If the behavior of my unit changes, my test should fail. This also seems obvious, but again, I want to dig in to what this means for my system.

For example, consider this unit:

class Greeter(object):
  def greet(self, name):
    return "Hello %s" % name

My test might look something like this:

def test_greet_says_hello_to_name(self):
  greeter = Greeter()
  self.assertEqual(greeter.greet("Justin"), "Hello Justin")

If greet changes to write to a display instead of returning a string, this test will fail. That’s good because this is a change in behavior. That change will require a change to any consumer of the unit, and my test is a consumer of that unit just like the production code is.

Confident Refactoring

I use these rules to keep good design pressure on my system and keep things easy to refactor. For example, let’s say we do want to write to a display in that Greeter class. One implementation might look like this:

class Greeter(object):
  def greet(self, name):
    sys.stdout.write("Hello %s" % name)

I often see code like this tested with a mock in this way:

def test_greet_says_hello_to_name(self, stdout):
  greeter = Greeter()
  stdout.write.assert_called_once_with("Hello Justin")

But this breaks one of my rules: this test is coupled to a private implementation detail of my unit. There’s nothing in my public interface that conveys my usage of sys.stdout yet my test knows to mock exactly that module. If that implementation changes, my test will fail, even though my public interface and the behavior has not changed.

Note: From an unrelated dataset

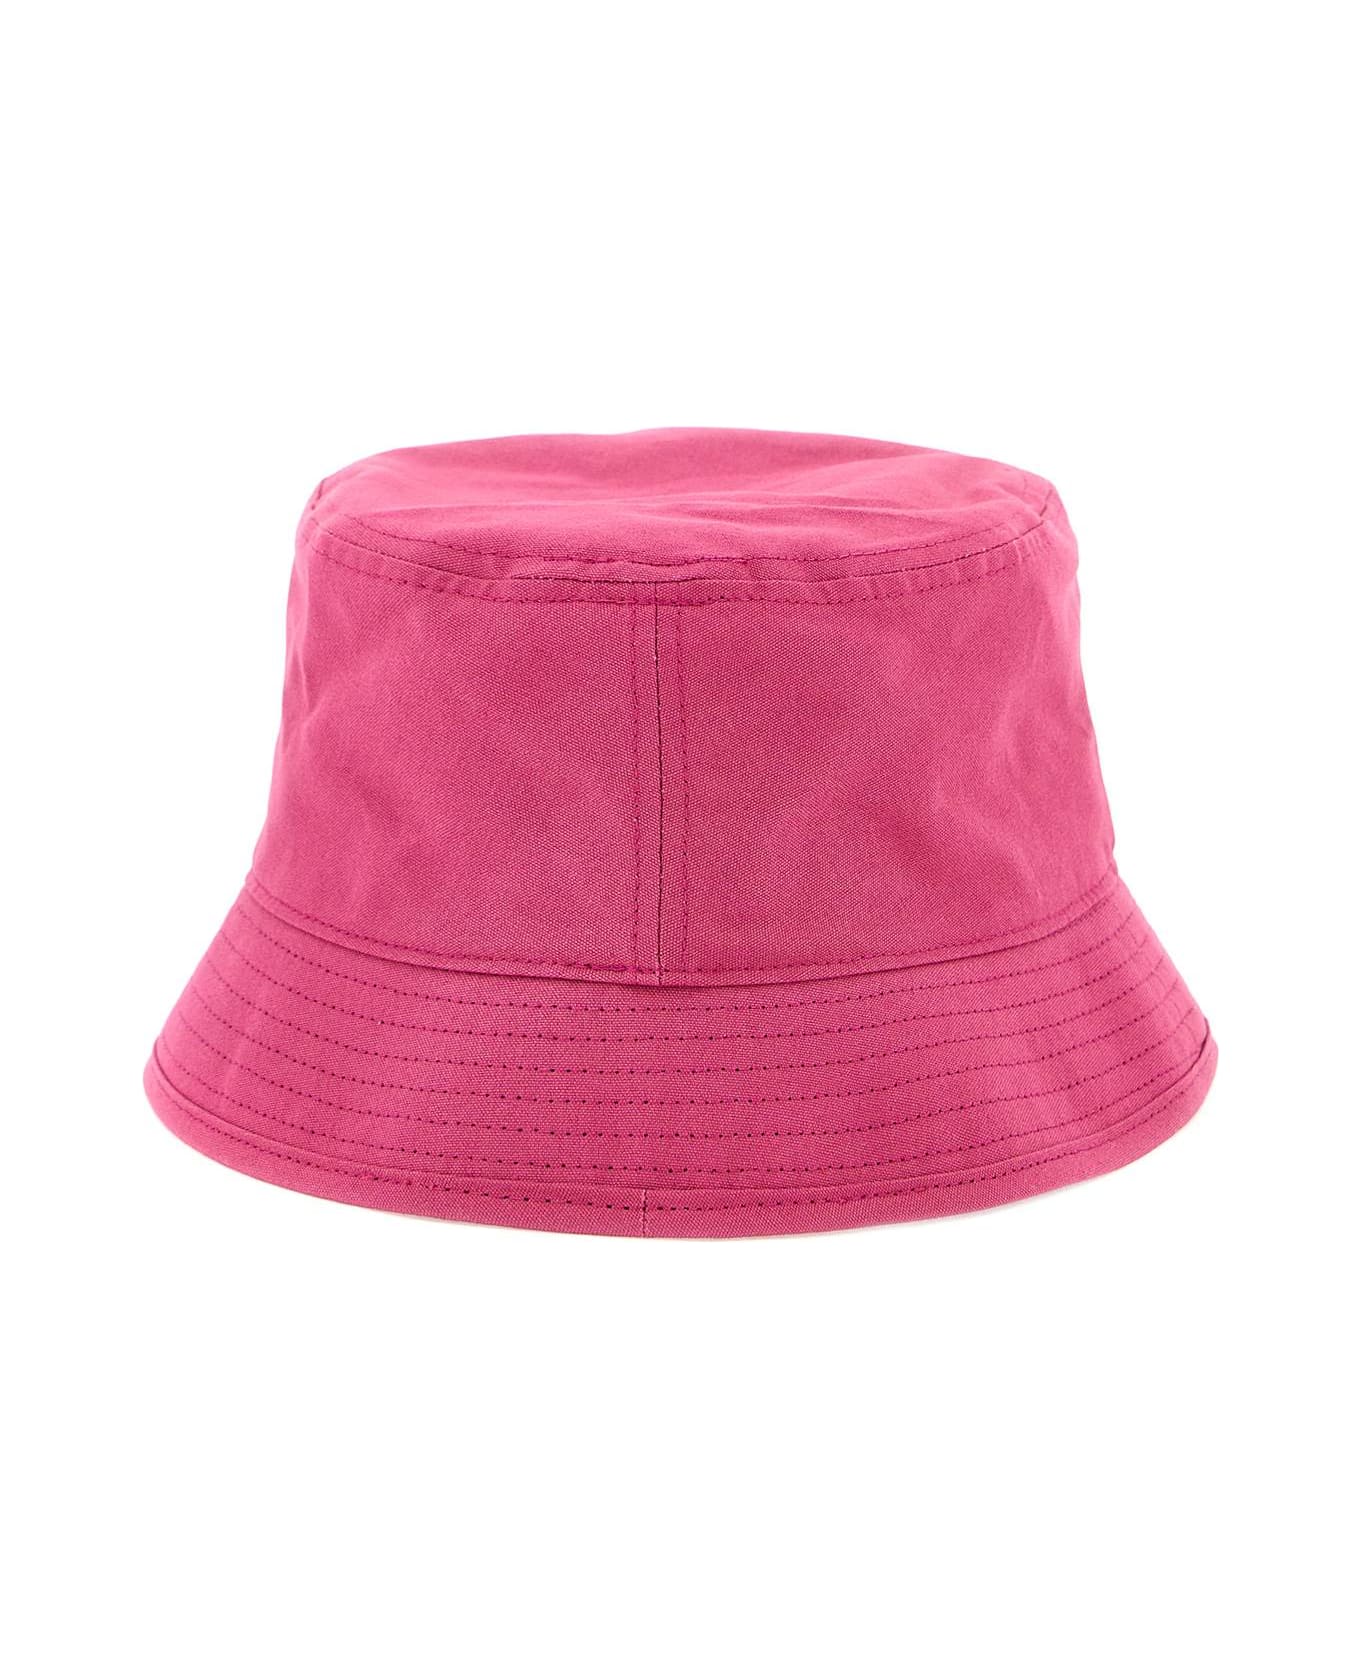 Rick Owens Drkshw X Converse Bucket Hat - HOT PINK (Fuchsia)
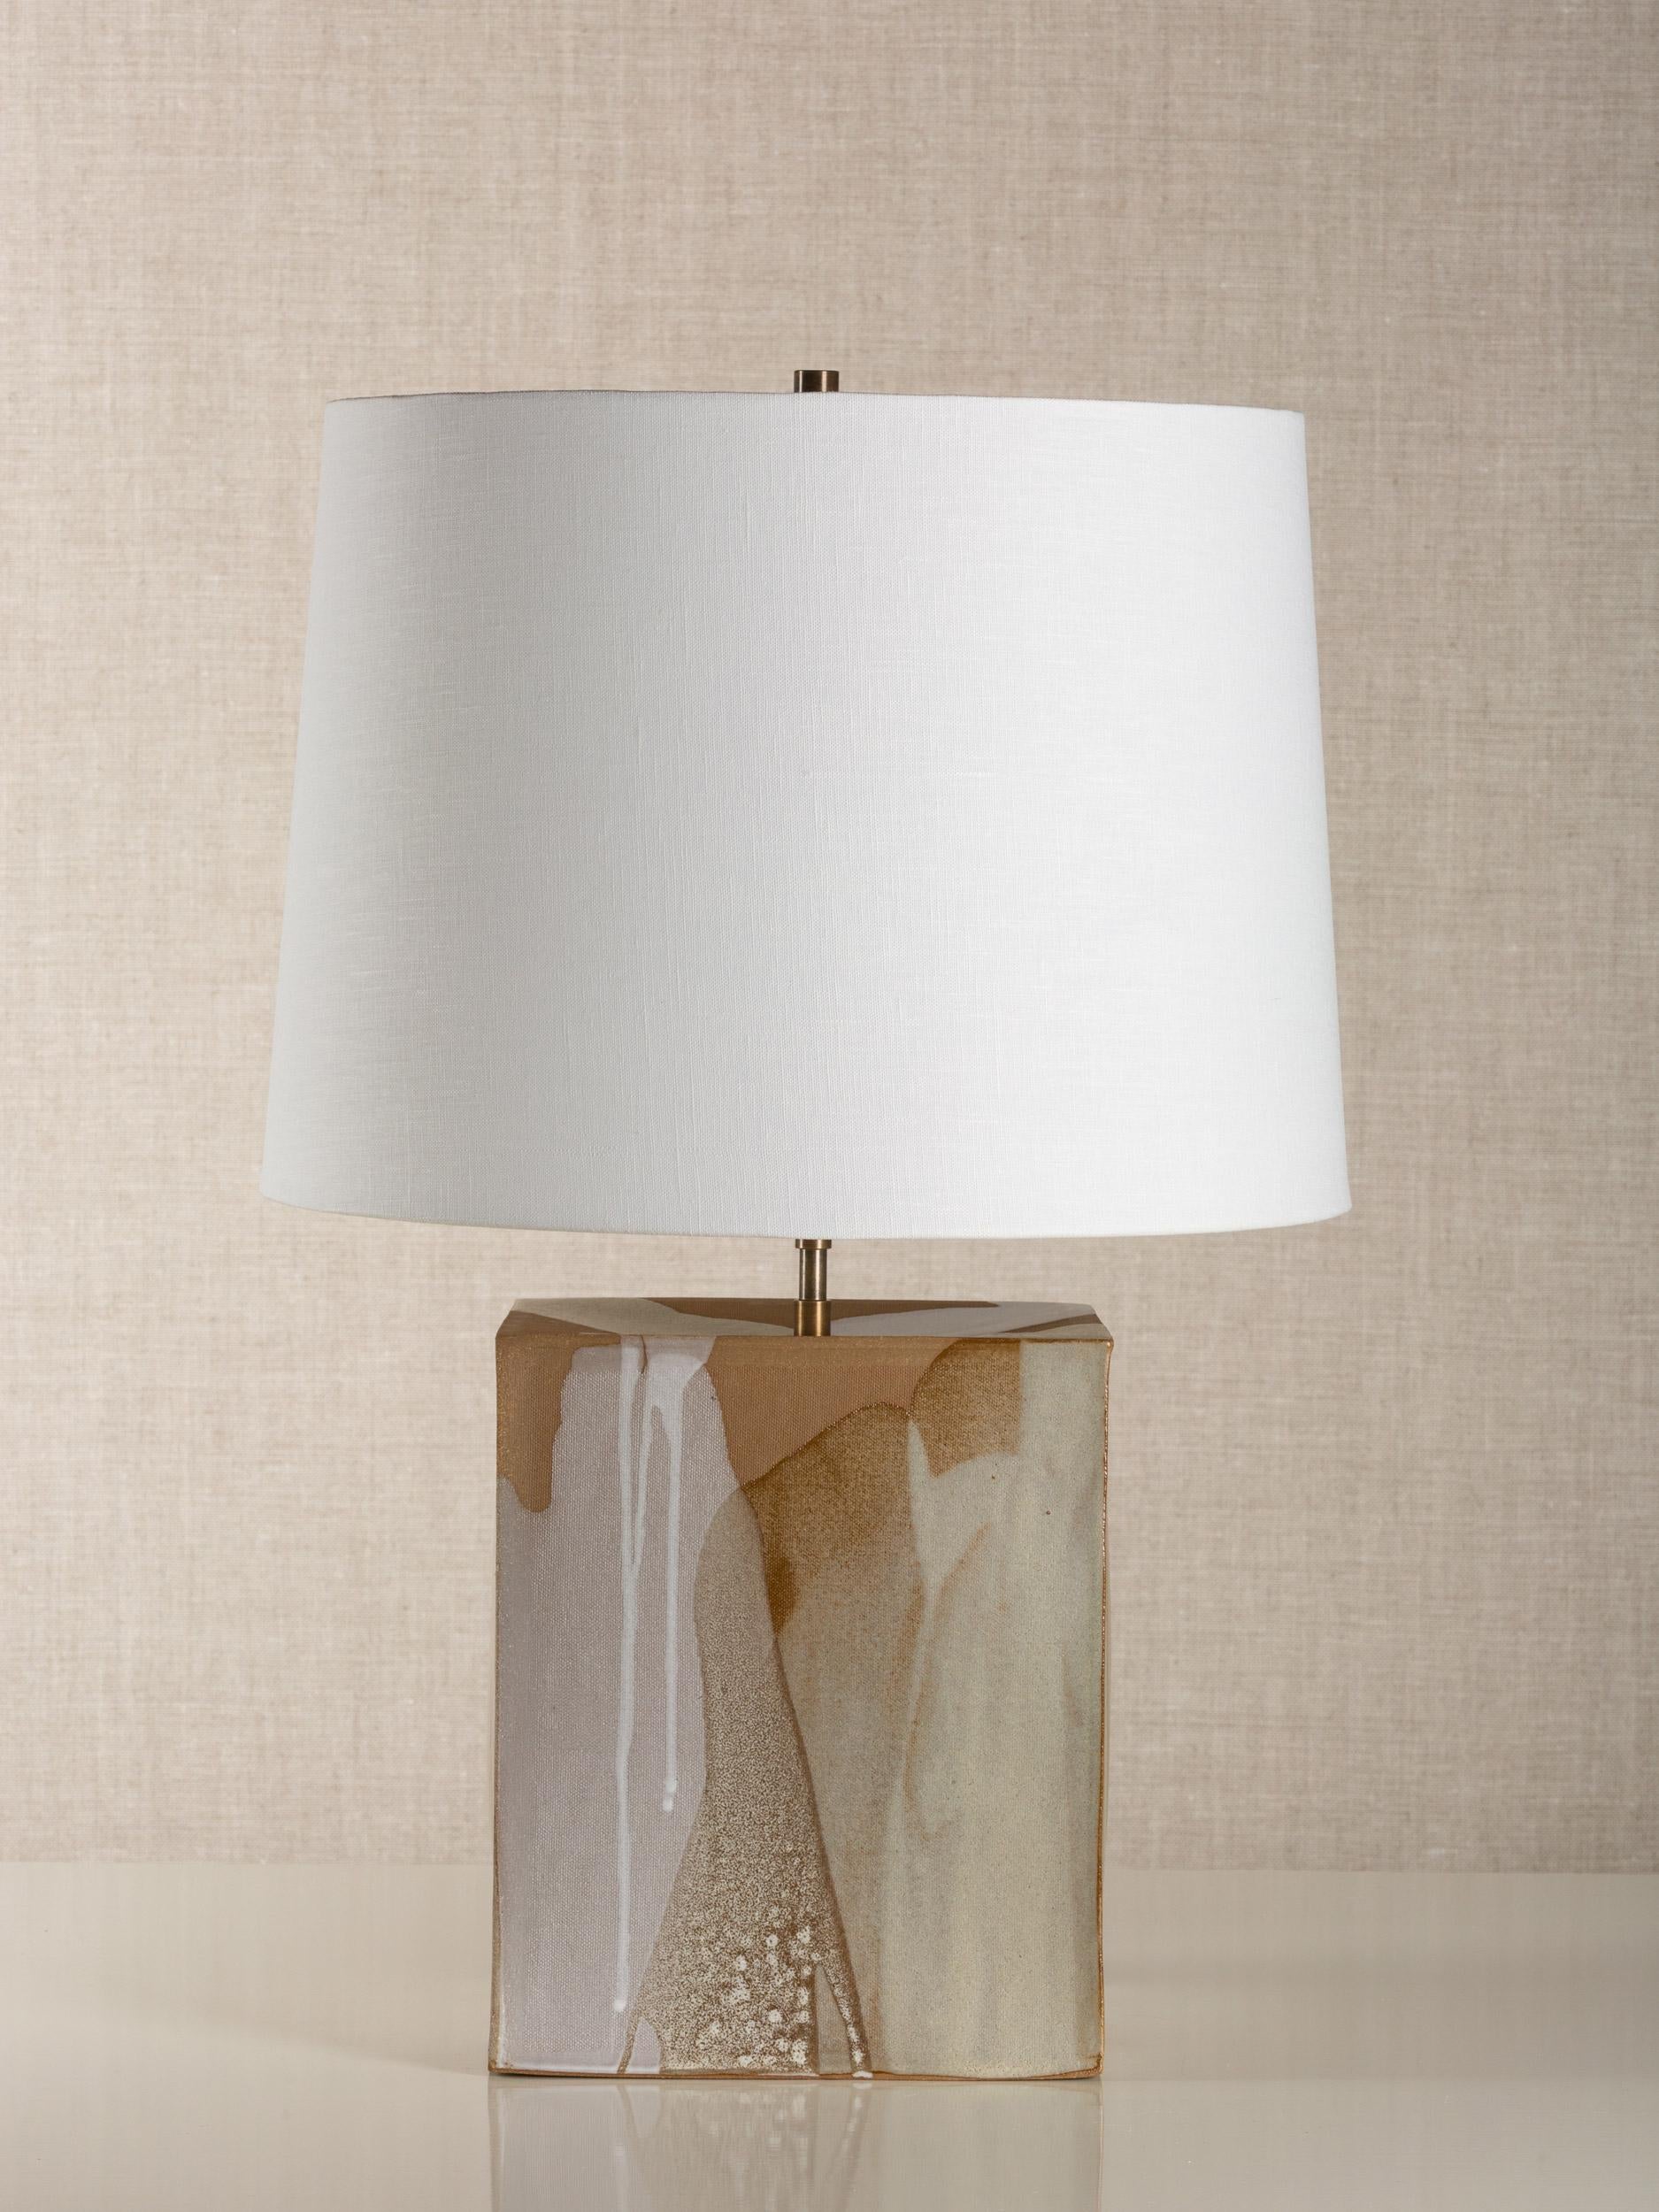 American Washington Lamp, Ceramic Sculptural Table Lamp by Dumais Made

This makes my code hard to refactor. When I’m refactoring, I only want to look at the implementation. I want to be free to change private details without fear of breaking tests (and therefore breaking production code) as long as I’m not changing the behavior or the public interface. That’s not true here. If I change my usage of sys.stdout to something else, I will get a surprising test failure.

What does this mean? I can’t think of a good way to test this without mocking, but I don’t want to use a mock that breaks a rule, so in this case, I think my test is telling me my design needs improvement. I would choose to fix this by promoting the display object to the public interface. That lets me inject a mock in my test without breaking a rule:

class Greeter(object):
  def __init__(self, display):
    self.display = display

  def greet(self, name):
    self.display.write("Hello %s" % name)

Now my test can still mock the display, but it does it by being a normal consumer of the object, just the same as any production code:

def test_greet_says_hello_to_name(self, stdout):
  display = Mock()
  greeter = Greeter(display)
  display.write.assert_called_once_with("Hello Justin")

Now it is clear that if I change how I print to a display, I will need to update any consumer of the greeter object (including the tests), because the display object is part of the public interface. The rules have led me to a better design that uses the Dependency Inversion Principle.

Only letting my tests use the public interface of my units has given the unit more flexibility outside of my tests, and made it clear to me what is and is not a safe refactoring.